Web scraper/archiver - crate recommendations?

Was discussing on Discord and thought I'd keep it going in an easier to search format.

Let's say I wanted to build a Wayback Machine like archive.org, or a multi-domain end-to-end testing system. What would be needed for a high-performance variant?

Ideas (just crates.io links):

Parse HTML

Download (basic HTTP requests)

Download (gather associated CSS, JS, HTML but no JS rendering / AJAX)
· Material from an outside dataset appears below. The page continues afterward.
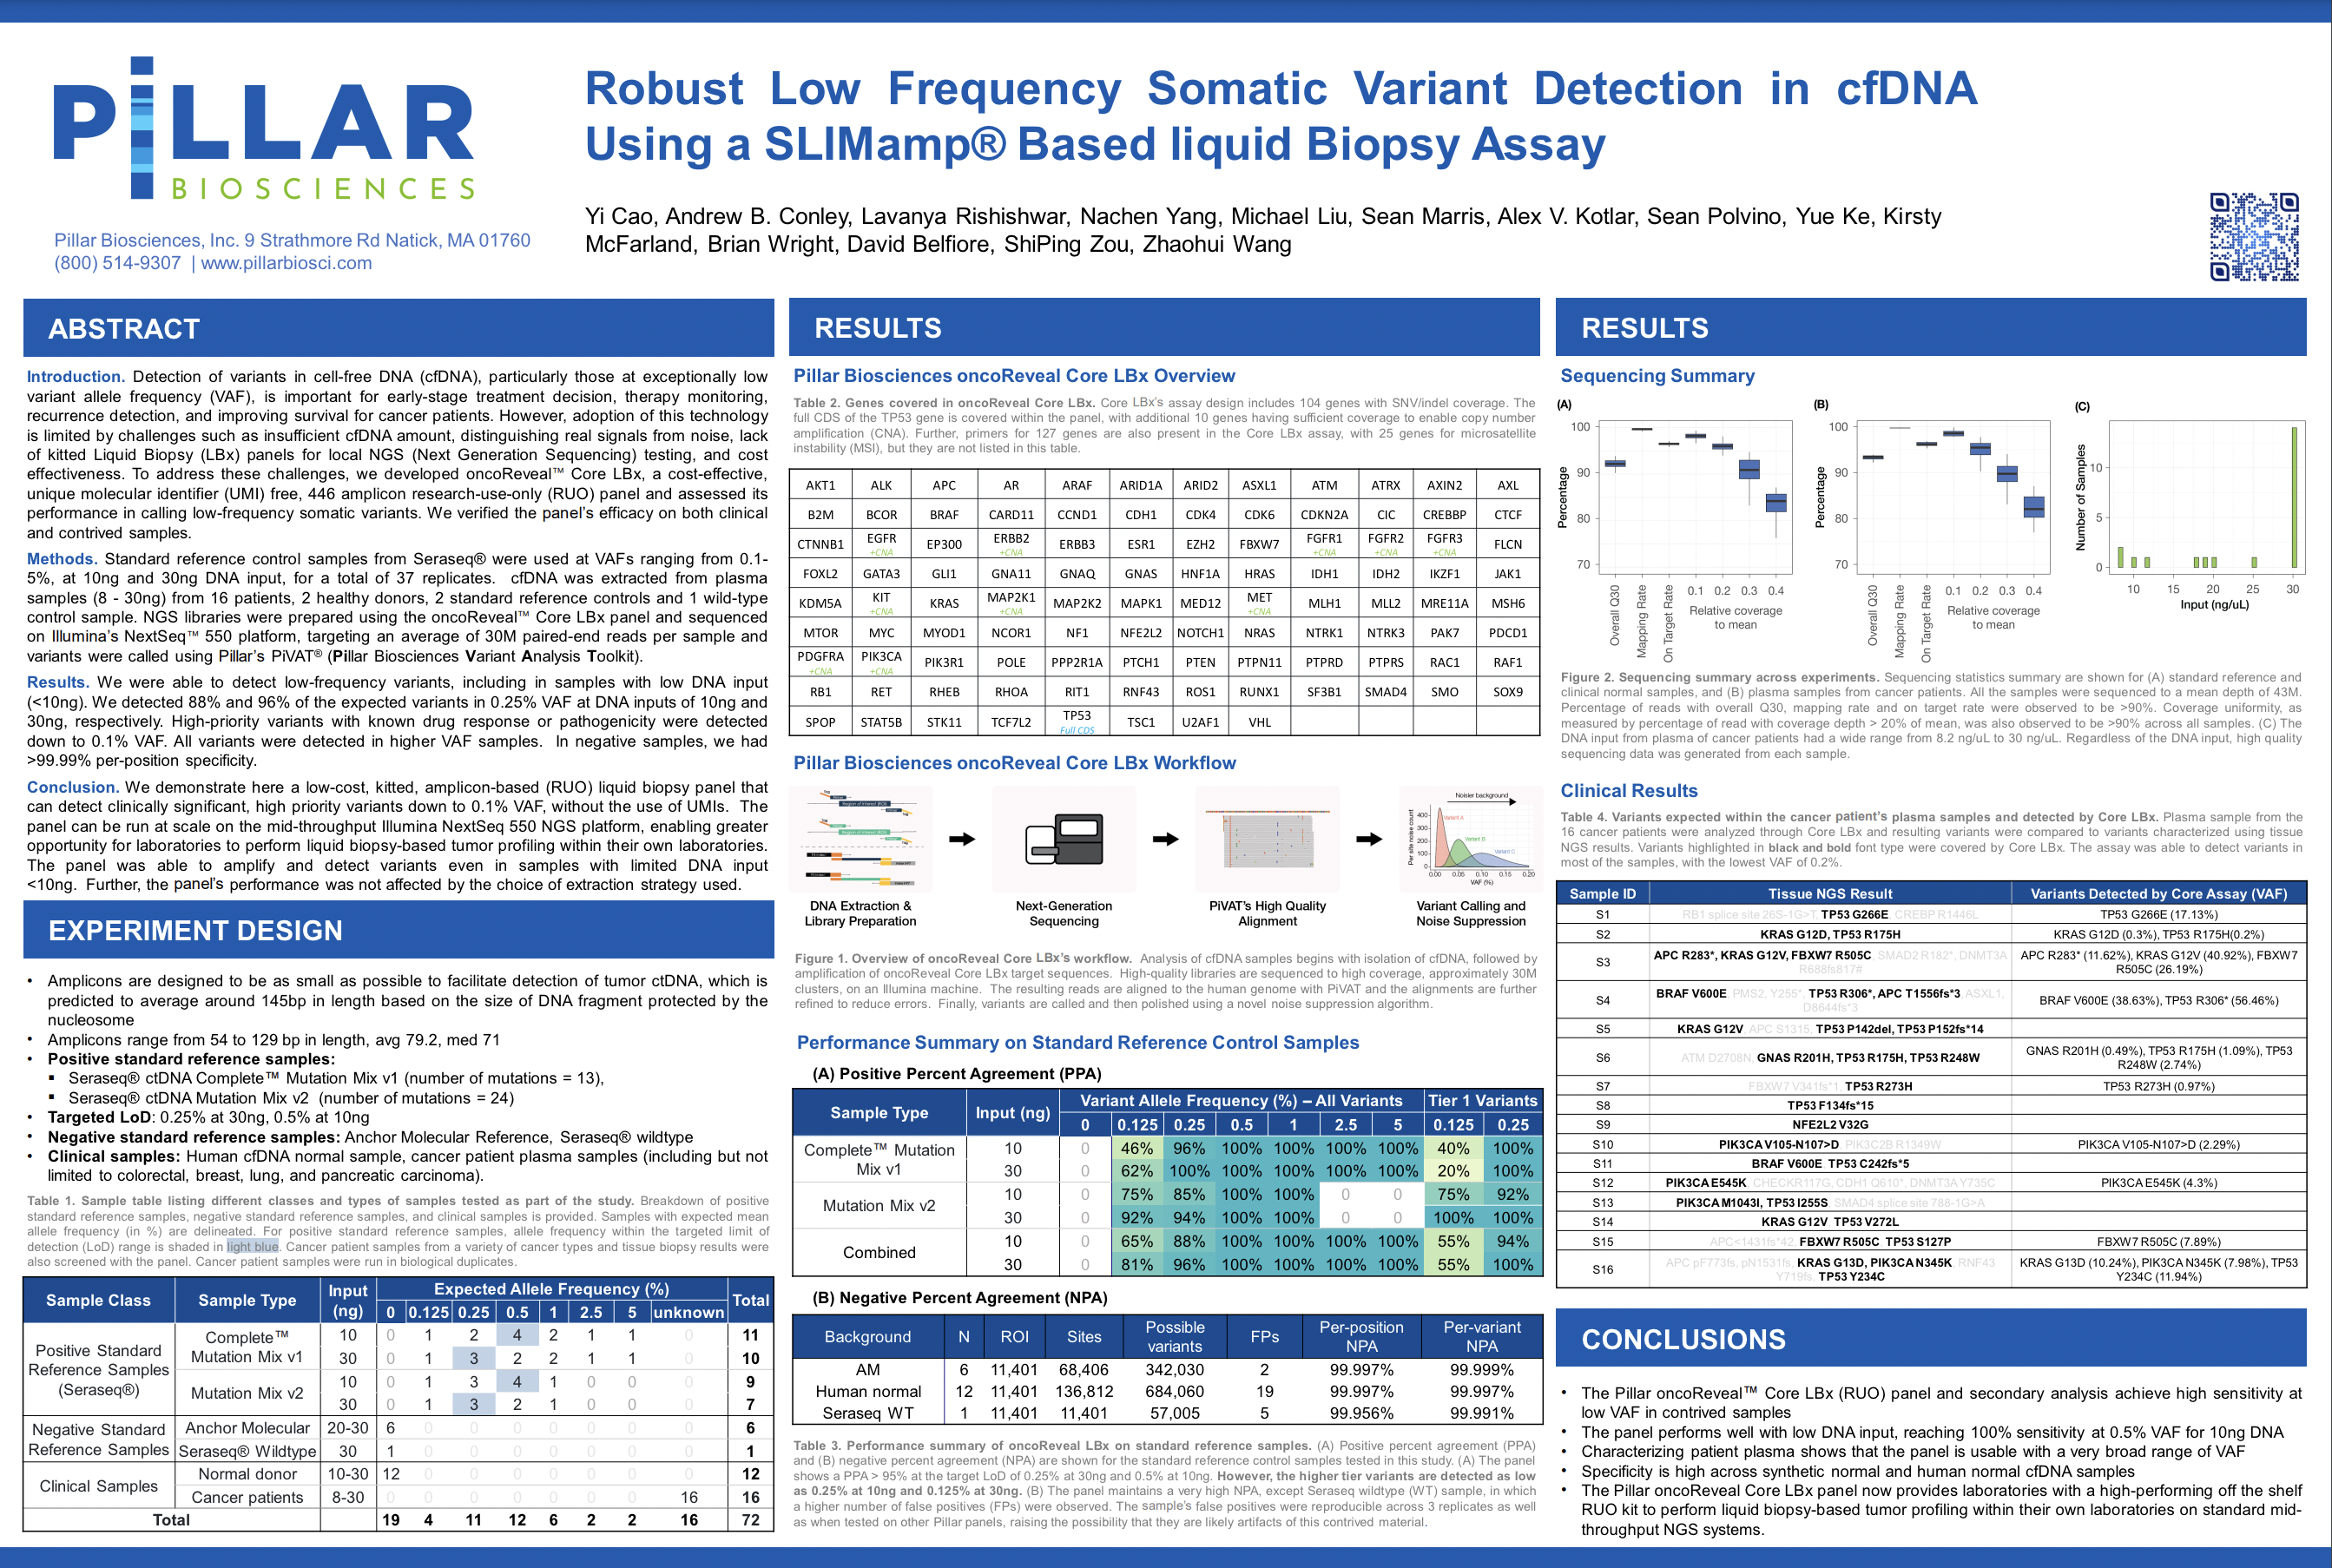 2023 AMP Cao et al Robust Low Frequency Somatic Variant Detection in cfDNA Using a SLIMamp Based Liquid Biopsy Assay

Download (CSS, JS, HTML, JS rendering, AJAX, screenshots)

Storage

1 Like

I think the biggest component you are missing for a Wayback Machine is some sort of job queue or higher-level scheduler.

Having some sort of scheduler component will give you nice things like being able to resume crawling, track which pages have been seen and when, the ability to scale out to multiple workers, re-scheduling pages that seem to have 500'd spuriously or failed to connect, retries when a worker stops responding, and so on.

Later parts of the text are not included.